Langchain shows that artificial intelligence agents are not yet at the human level because they immersed them tools

Join daily and weekly newsletters to obtain the latest updates and exclusive content to cover the leading artificial intelligence in the industry. Learn more


Once artificial intelligence agents showed a promise, organizations were forced to deal with knowing whether one agent is sufficient, or if they should invest in building a broader multi -agent network that touches more points in their institution.

Concorty frame company Linjshen He sought to approach this question. The artificial intelligence agent has undergone several experiments that found that individual factors have an end to the context and tools before their performance begins to deteriorate. These experiments can lead to a better understanding of the architecture needed to maintain multi -agent factors and systems.

in Blog postLangchain detailed a set of experiences he had with one reaction factor and measuring her performance.

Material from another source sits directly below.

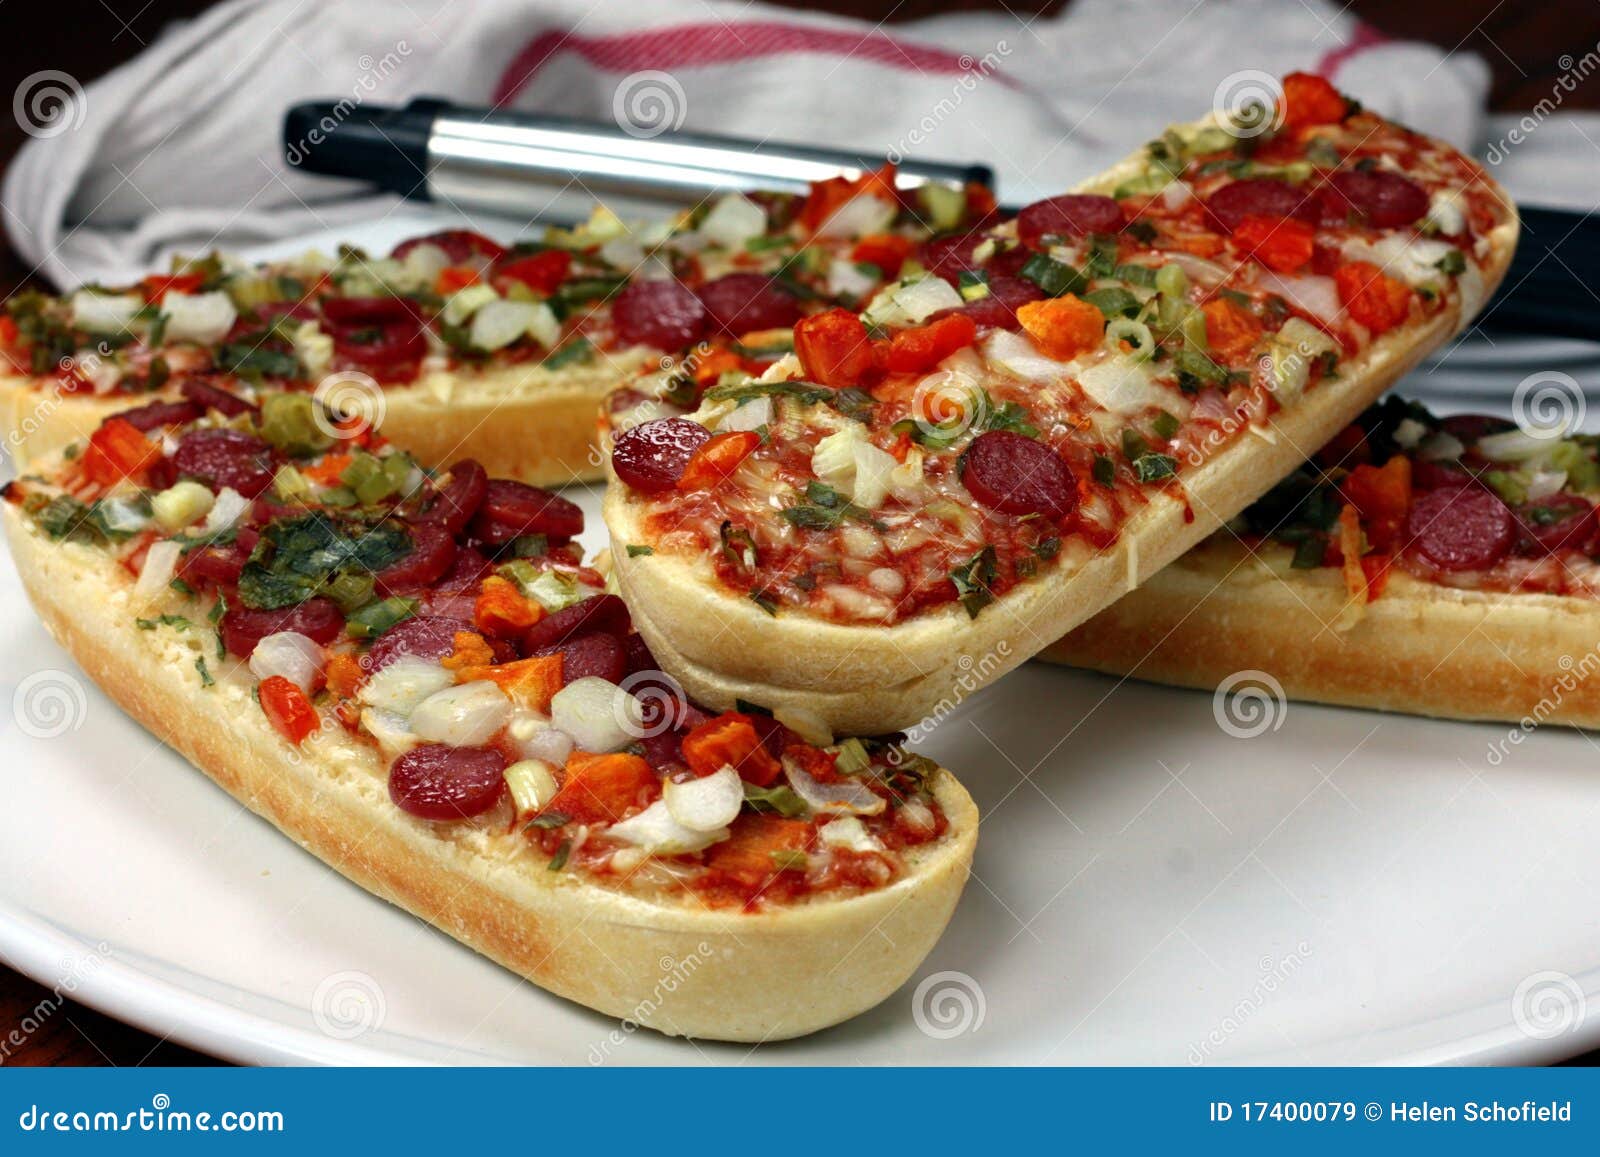 багет пицца в духовке фото 62

The main question of Lengshen was hoping to answer, “At what point is one reaction to the instructions and tools, and then he sees a decrease in performance?”

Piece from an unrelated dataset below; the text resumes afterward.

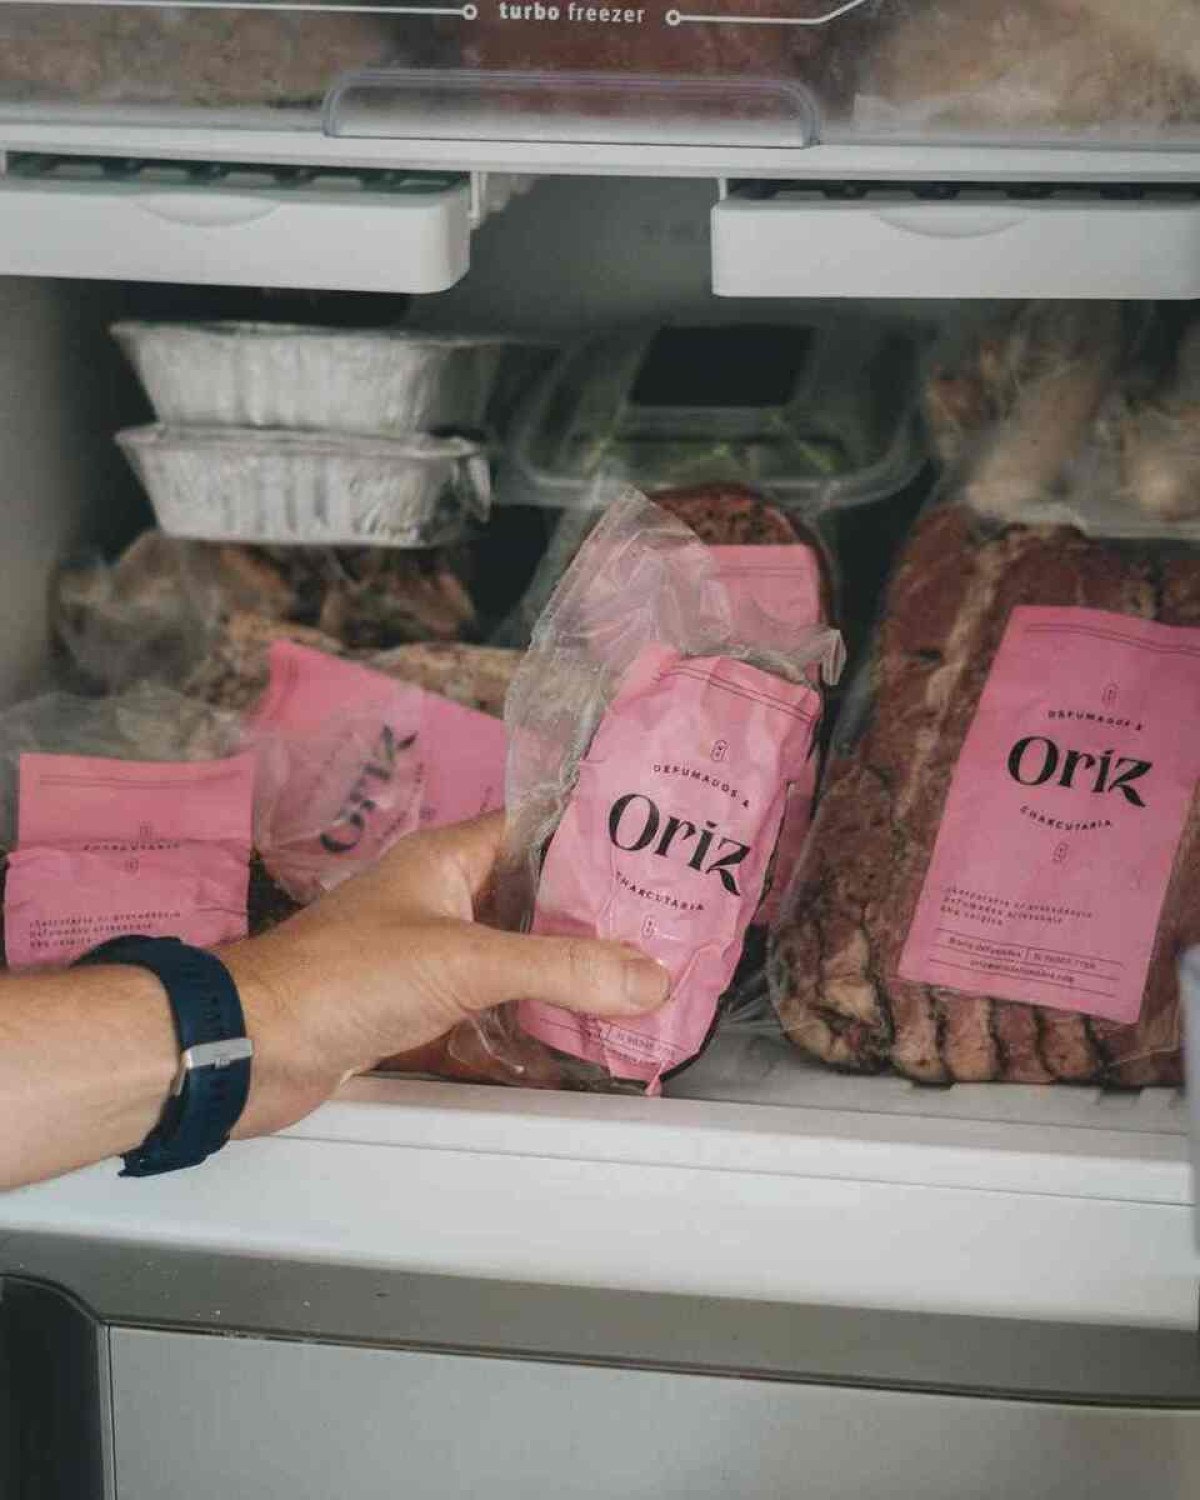 Freezer com produtos da Oriz

Choose Langchain Use Action agent reaction Because it is “one of the main agents of the agents.”

While the standard performance of the agent can often lead to misleading results, Langchain chose to limit the test into two quantitative measuring tasks easily: answering questions and scheduling scheduling.

“There are many current criteria for using tools and calling tools, but for the purposes of this experiment, we wanted to evaluate a practical agent that we already use,” Langishen wrote. “This agent is our internal email assistant, and he is responsible for two main fields of work – responding to the requests for meeting, scheduling and supporting customers with their questions.”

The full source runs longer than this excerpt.